15. 1 kinds for detection available from lung cancer and colorectal cancer are had the same work of specific BARD1 by the sample of study subject The kit of the existence of type, described kit comprises:

At least one polynucleotide primers or probe, wherein said polynucleotide primers or probe are at least one described to coding The polynucleotides of BARD1 isoform have specifically, and described at least one BARD1 isoform comprises selected from comprising SEQ ID NO: 1-7,105-106, its bioactive fragment and/or the sequence with SEQ ID NO:1-7,105-106 with at least 95% homology Amino acid sequence in the group of row, and/or

The antibody combining from the different epitope specificity of at least one described BARD1 isoform or the combination of its fragment, described extremely Few a kind of BARD1 isoform comprise selected from comprise SEQ ID NO:1-7,105-106, its bioactive fragment or with SEQ ID Amino acid sequence in the group of the sequence that NO:1-7,105-106 have at least 95% homology, and/or

At least one peptide in the group comprising SEQ ID NO:13～80.
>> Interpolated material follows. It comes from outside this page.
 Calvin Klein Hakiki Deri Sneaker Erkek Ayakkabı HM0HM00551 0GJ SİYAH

16. 1 kinds of methods distinguishing lung cancer with colorectal cancer with gynecological cancer mutually, described method includes available from study subject Biological sample in detect at least one step to lung cancer and colorectal cancer with specific BARD1 isoform, described BARD1 isoform is selected from the group comprising as follows drum:

Wherein, the described existence to lung cancer and colorectal cancer with specific BARD1 isoform is lung cancer and/or colorectal cancer Mark.

17. peptides in the group comprising SEQ ID NO:13～80, described peptide is detecting the biological sample available from study subject The method of the existence of middle BARD1 isoform is used as antigen, the existence of wherein said BARD1 isoform by detection to described The existence that BARD1 isoform has specific autoimmune antibody detects, and wherein said BARD1 isoform is described Existence in sample is the mark of described patients's cancer.
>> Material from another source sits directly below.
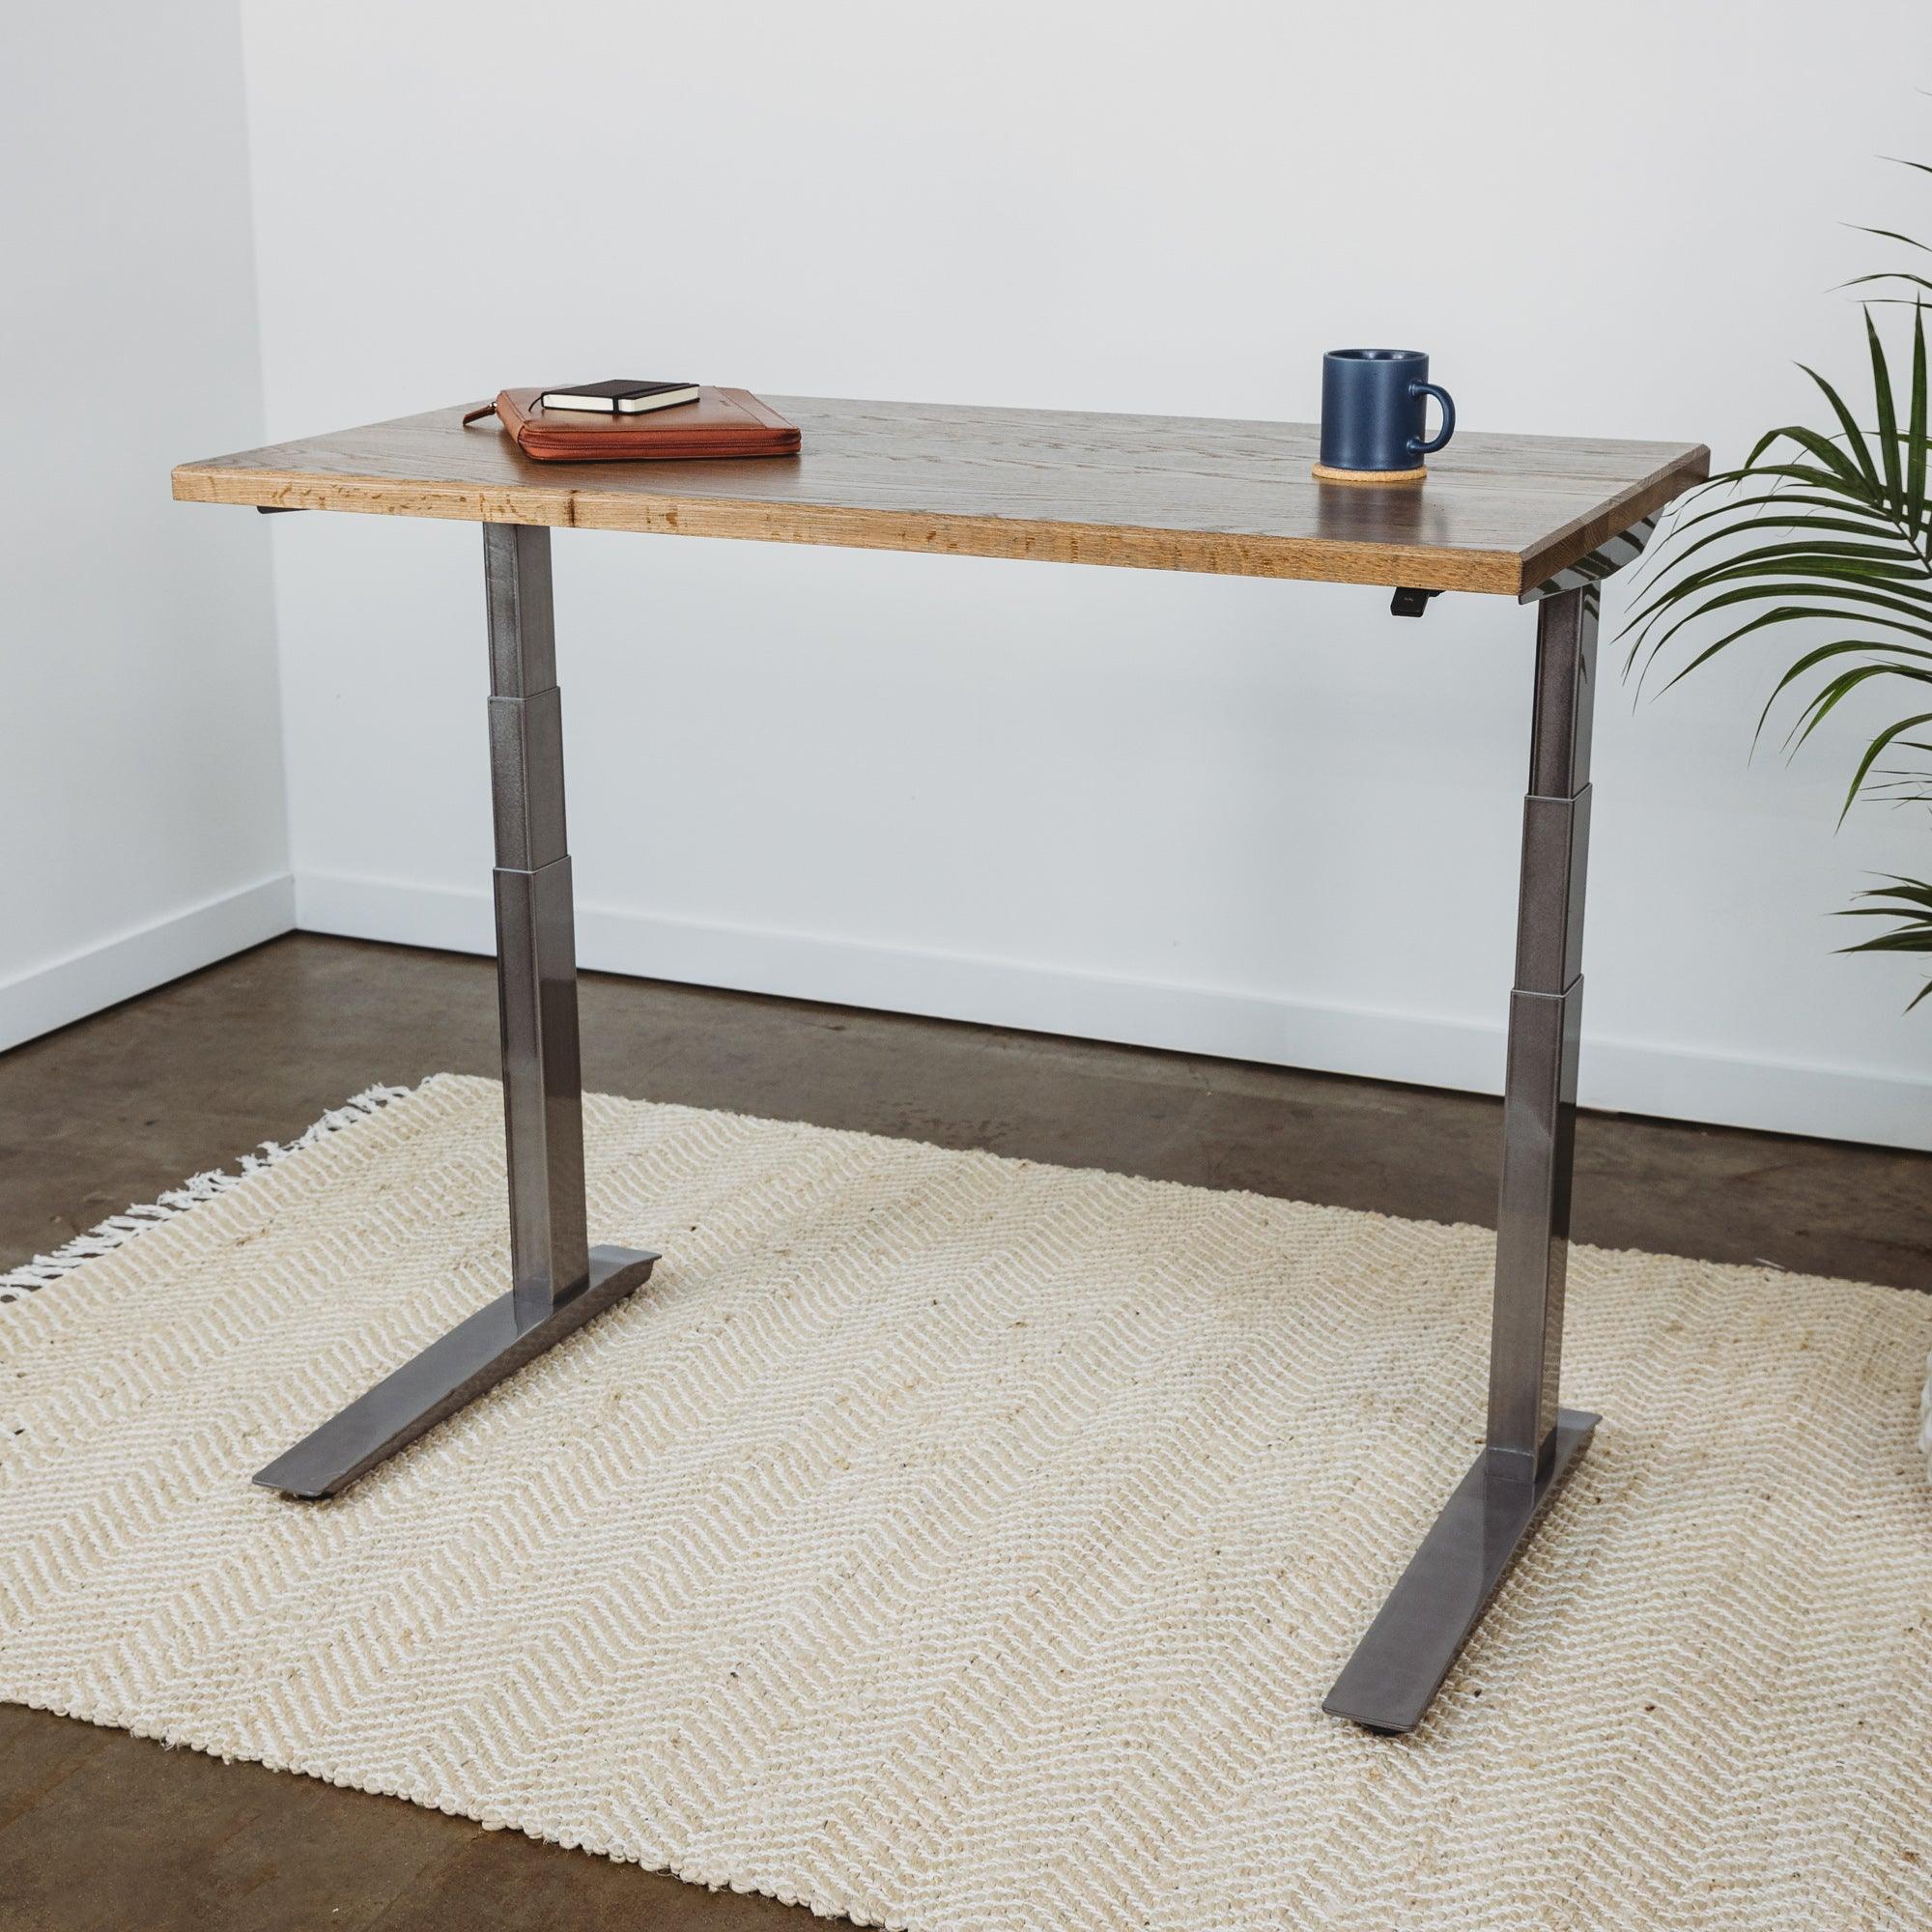 Wood Slab desk with adjustable base

18. 1 kinds of antibody or its fragment, described antibody or its fragment are combined with the epi-position shown in SEQ ID NO:144.

19. 1 kinds treatment and/or prevention lung cancer and colorectal cancer method in use antibody or its fragment, described antibody or Its fragment is combined with the epi-position shown in SEQ ID NO:144.

20. 1 kinds of restructuring siRNA molecule using in the method for the treatment of and/or prevention lung cancer and colorectal cancer, described restructuring SiRNA molecule is combined with strand or double stranded rna molecule, and wherein said strand or double stranded rna molecule comprise coding at least one The mRNA of BARD1 isoform, described BARD1 isoform comprises selected from comprising SEQ ID NO:1-7,105-106, its biologically active Amino acid sequence in the group of fragment or the sequence that there is at least 95% homology with SEQ ID NO:1-7,105-106, thus The expression of described BARD1 isoform is suppressed.

21. 1 kinds of BARD1 isoforms bioactive using in the method for the treatment of and/or prevention lung cancer and colorectal cancer Conditioning agent, described BARD1 isoform comprises selected from comprising SEQ ID NO:1-7,105-106, its bioactive fragment or and SEQ Amino acid sequence in the group of the sequence that ID NO:1-7,105-106 have at least 95% homology.

The bioactive conditioning agent of 22. BARD1 isoforms as claimed in claim 20, wherein, described conditioning agent is to be selected from Comprise the microRNA in the group of SEQ ID NO.111～140.